### [GIVEN DATA]

*** Begin section ***

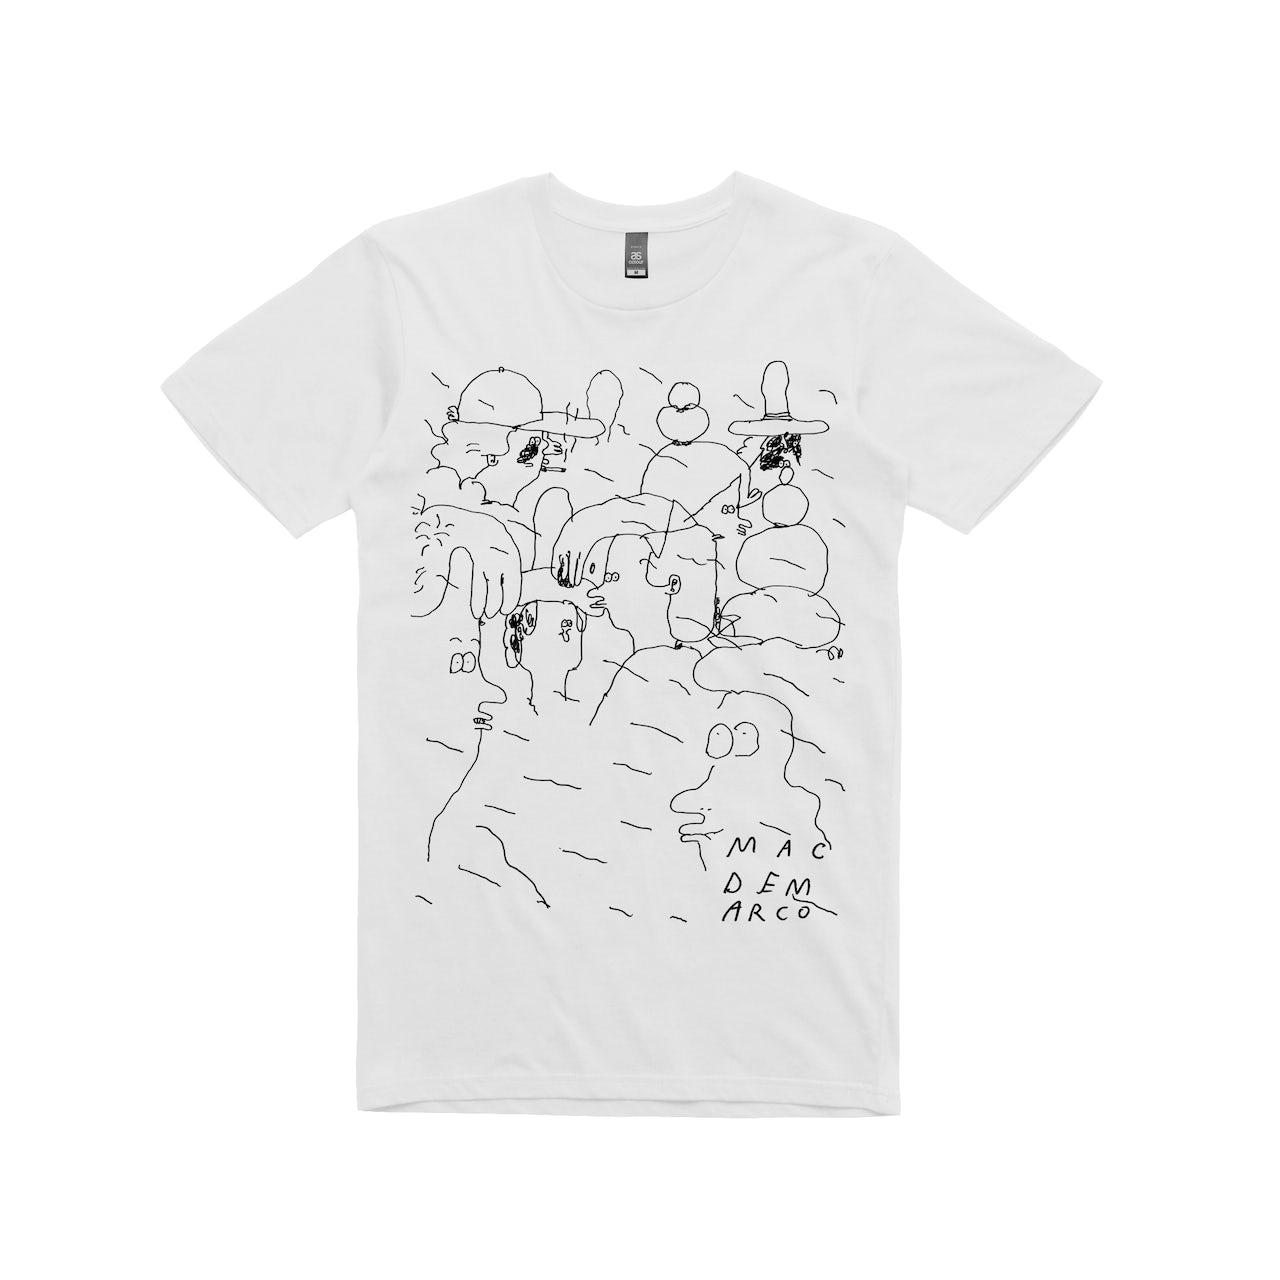 Doodle T Demarco Shirt Mac White People 80vOmnwN
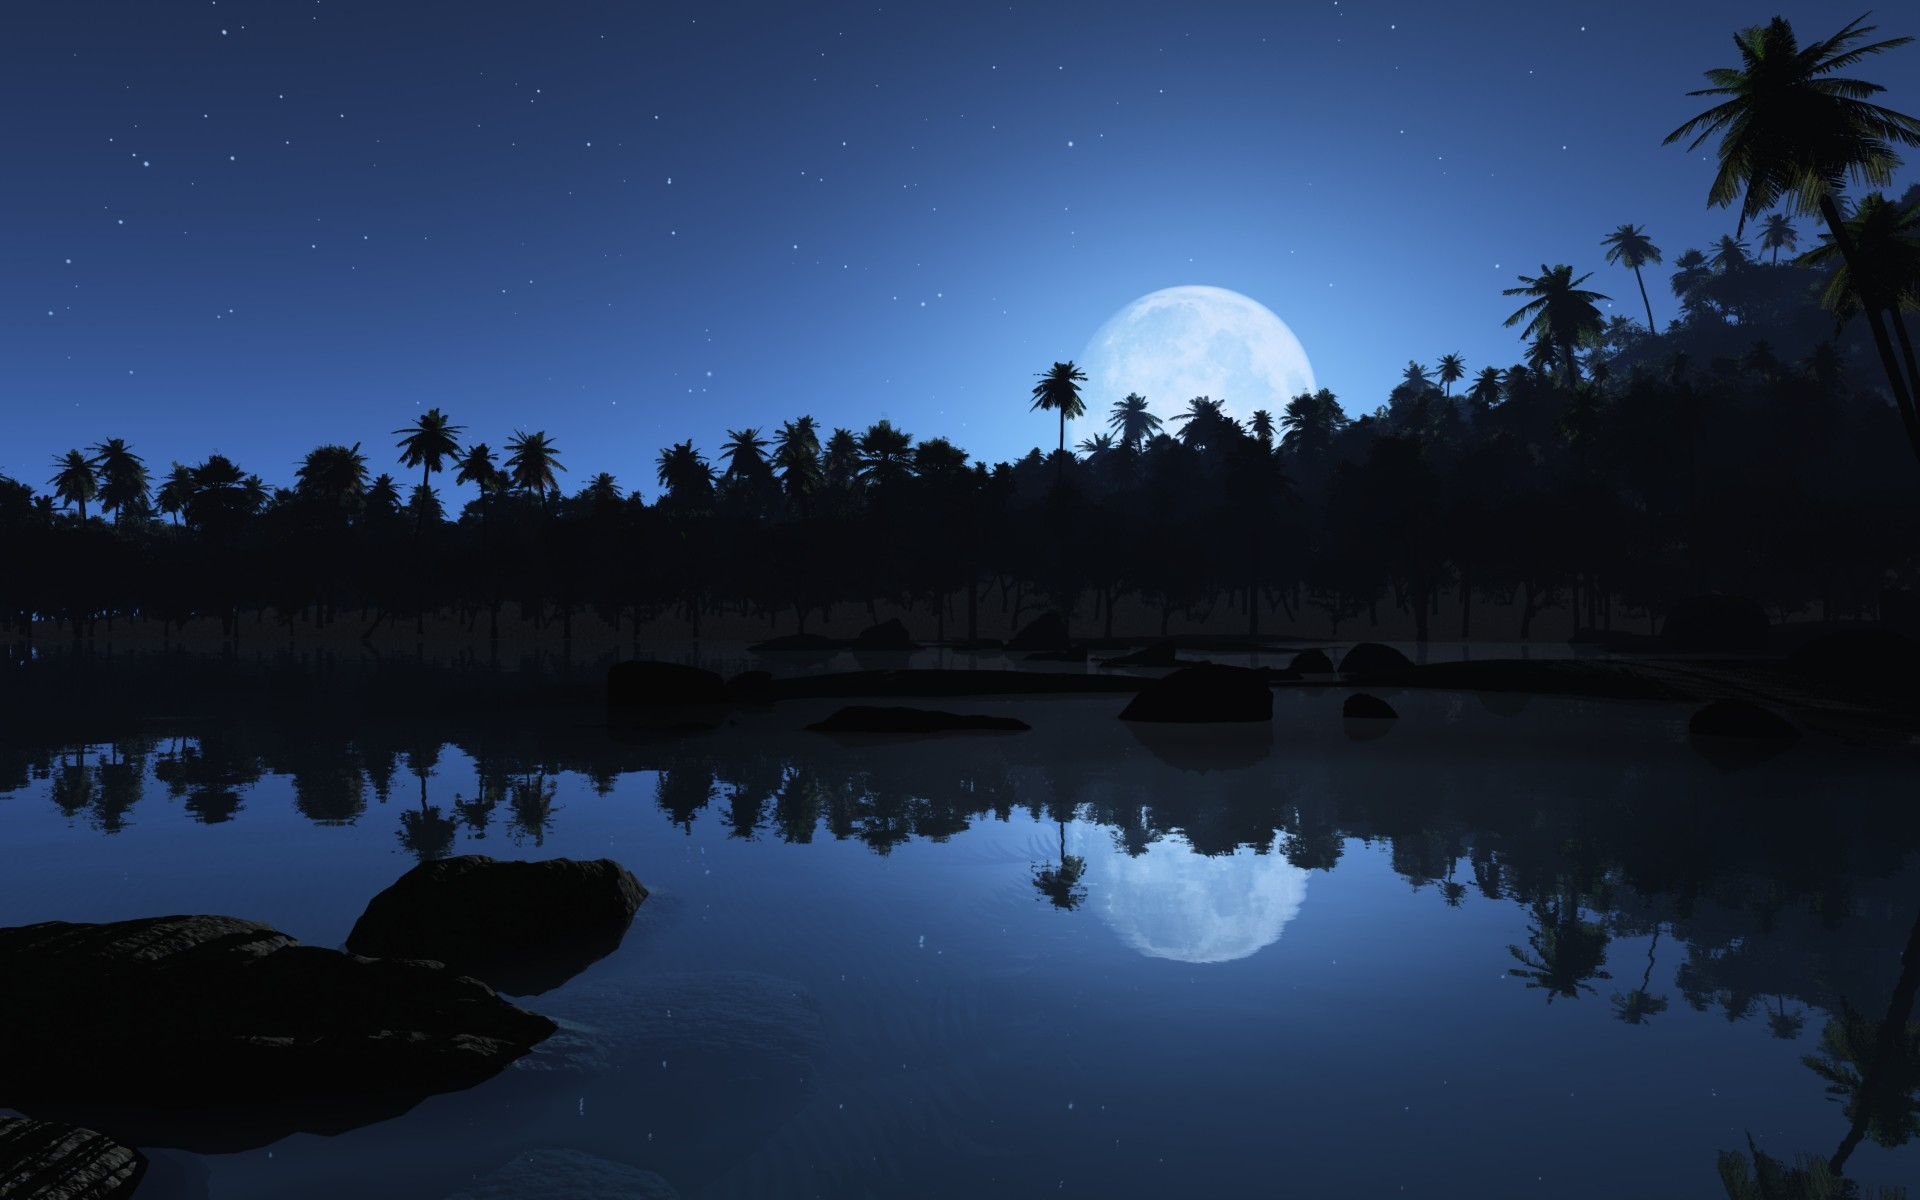 Full Moon Blue Night Wallpaper In Resolution Free Wallpapers .
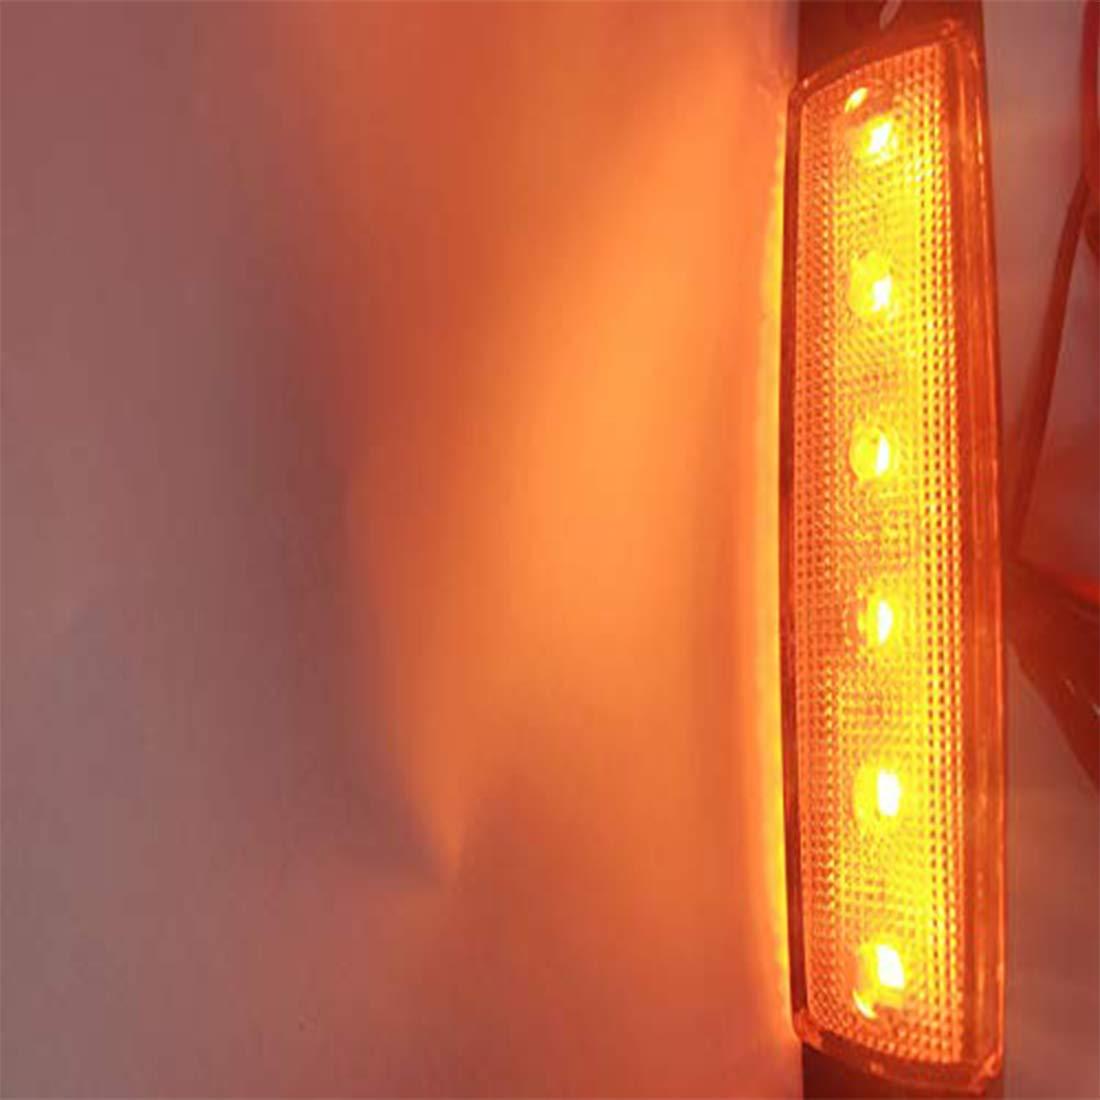 RV Marker light amber Led Marker Lights for Trucks NBWDY 10pc 3.8 6 LED amber Side Marker Lights Rear Side Marker Lamp Amber Cab Marker amber Trailer Marker Lights

*** End section ***

### [WHAT NEEDS TO BE DONE]
What you need to copy is the run of lines from the one holding "Full Moon Blue" through the end of the data, exactly and only, both ends included, pictures omitted.

### [EXERCISE SOLUTION]
 Full Moon Blue Night Wallpaper In Resolution Free Wallpapers .
 RV Marker light amber Led Marker Lights for Trucks NBWDY 10pc 3.8 6 LED amber Side Marker Lights Rear Side Marker Lamp Amber Cab Marker amber Trailer Marker Lights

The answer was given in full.